事案の概要:
- 不動産業者Xが不動産業者Zの媒介で、売主Yから土地建物の売買契約を締結(売買代金7,200万円)。
- 売買契約書には、現状有姿のまま引き渡す旨と、雨漏り等の責任は売主が引渡し後2か月以内に発見されたもののみを負うことが記載。
- 重要事項説明書には、排水や浄化槽についての情報があり、物件状況報告書には隣地の利用や配管の有無についての記載があった。
- 引渡し後、Xが調査すると、隣地所有者Aとの共有共用の排水管と浄化槽が埋設されていることが判明。
- Xは瑕疵担保責任または債務不履行責任を根拠に、損害賠償を求めてYに提訴。
判決の要旨:
- Xは排水管と浄化槽の埋設を知らず、存在が地表面からは認識できない隠れた瑕疵であることが認められた。
- 売買契約書には特約があり、瑕疵担保責任は雨漏り等に限定されていたが、Yは浄化槽がAとの共有共用であった事実を知っており、それをXに告げなかったことが認められた。
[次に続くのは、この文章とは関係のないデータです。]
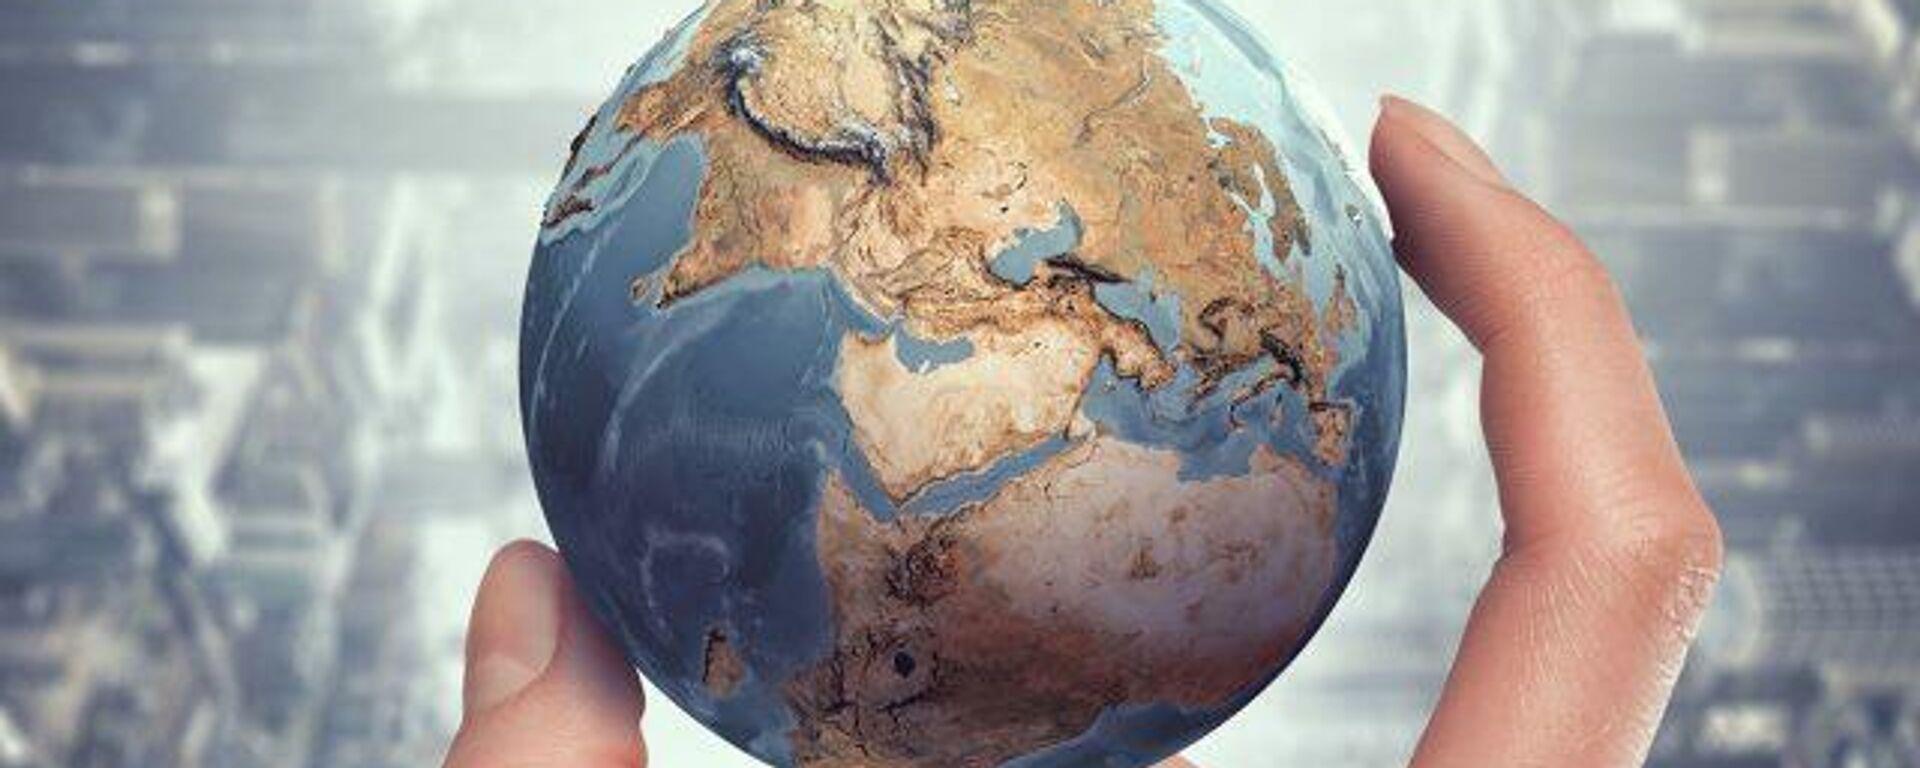 ¡Largaron!: comenzó la carrera por la presidencia en Chile - Sputnik Mundo, 1920, 22.09.2021

- 特約によっても免れない場合、売主の瑕疵担保責任は認められる。
- Xには過失がなく、被った損害について解約違約金(50万円)と火災保険料(1万9千円)を認めるのが相当とされた。
まとめ:
- 特約がある場合でも、売主が隠れた瑕疵を知りながら告げなかった場合は、瑕疵担保責任が認められる。